A report published in the 1950s suggested that a very Iguanodon-like dinosaur lived in Mongolia in Early Cretaceous times. This tantalizing report also needed to be investigated further to check whether its anomalous geographic range – in Asia in Early Cretaceous times – was real or, as in the Romanian example, another case of mistaken identity. The material, though fragmentary, was stored in the Russian Palaeontological Museum in Moscow, and had to be re-examined. What emerged was again not as expected. This time the earlier reports proved correct, the genus Iguanodon itself seemed to be present in Mongolia in Early Cretaceous times, and the pieces recovered were indistinguishable from the very well known European Iguanodon.
This second discovery did not fit at all comfortably with the evolutionary and geographic hypothesis that had been created in the 1984 analysis. Indeed, in more recent years a suite of very interesting Iguanodon-like ornithopods have emerged in Asia, as well as North America, in what can best be described as ‘middle’ Cretaceous times. Much of this very recent, and steadily accumulating, evidence suggests that the original evolutionary and geographic model had a number of fundamental flaws that continued investigation and new discoveries were able to expose.

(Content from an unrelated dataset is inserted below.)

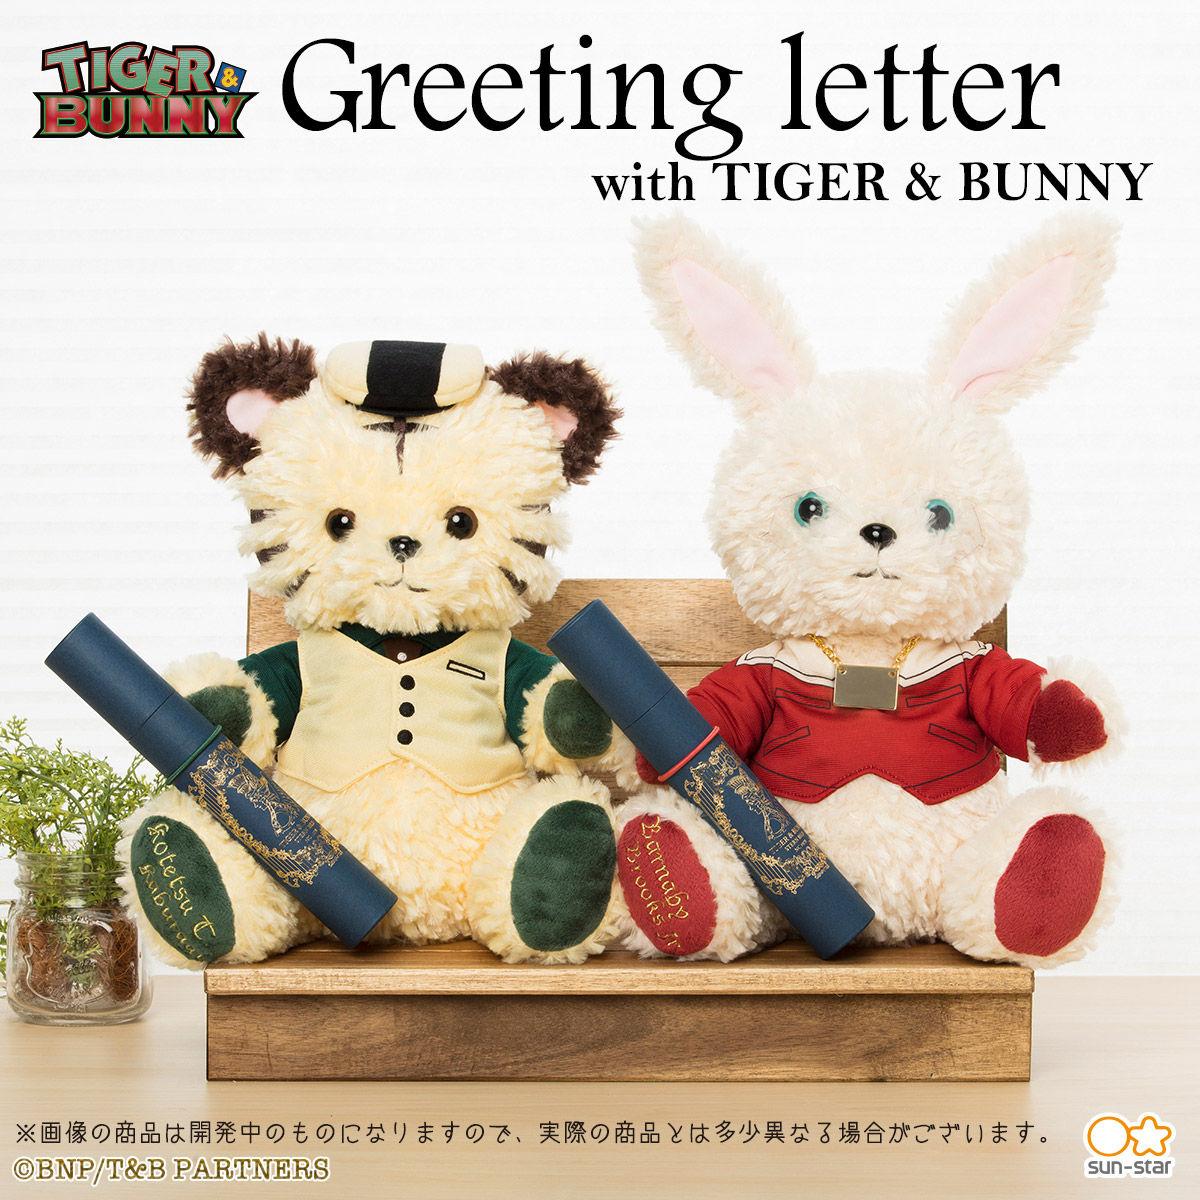 【限定販売】タイバニ『グリーティングレター with TIGER & BUNNY』TIGER & BUNNY ぬいぐるみ-001

Dinosaurs: a global perspective
In more recent times, this approach has been applied much more broadly and in a much more ambitious way. Paul Upchurch of University College London and Craig Hunn at Cambridge hoped to explore the entire family tree of the Dinosauria for evidence of similarities in patterns of stratigraphic ranges and cladistic patterns by looking at large numbers of dinosaurs. These were compared to the currently established distributions of the continents at intervals through the entire Mesozoic Era. An attempt was being made to find out whether an overall signal did emerge that was suggestive of a tectonic influence on the evolutionary history of all dinosaurs.
Despite the inevitable ‘noise’ in the system resulting largely from the incompleteness of the fossil record of dinosaurs, it was heartening to note that statistically significant coincident patterns emerged within the Middle Jurassic, the Late Jurassic, and the Early Cretaceous intervals. This indicates that tectonic events do, as expected, play some role in determining where and when particular groups of dinosaurs flourished. What is more, this effect has also been preserved in the stratigraphic and geographic distributions of other fossil organisms, so the evolutionary history of great swathes of organisms was effected by tectonic events and the imprint is still with us today. In a way, this is not new. I need only point to the unusual distribution of marsupial mammals (found only in the Americas and Australasia today), and the fact that distinct areas of the modern world have their own characteristic fauna and flora. What this new research suggests is that we may well be able to trace the historical reasons for these distributions far more accurately than we had supposed possible.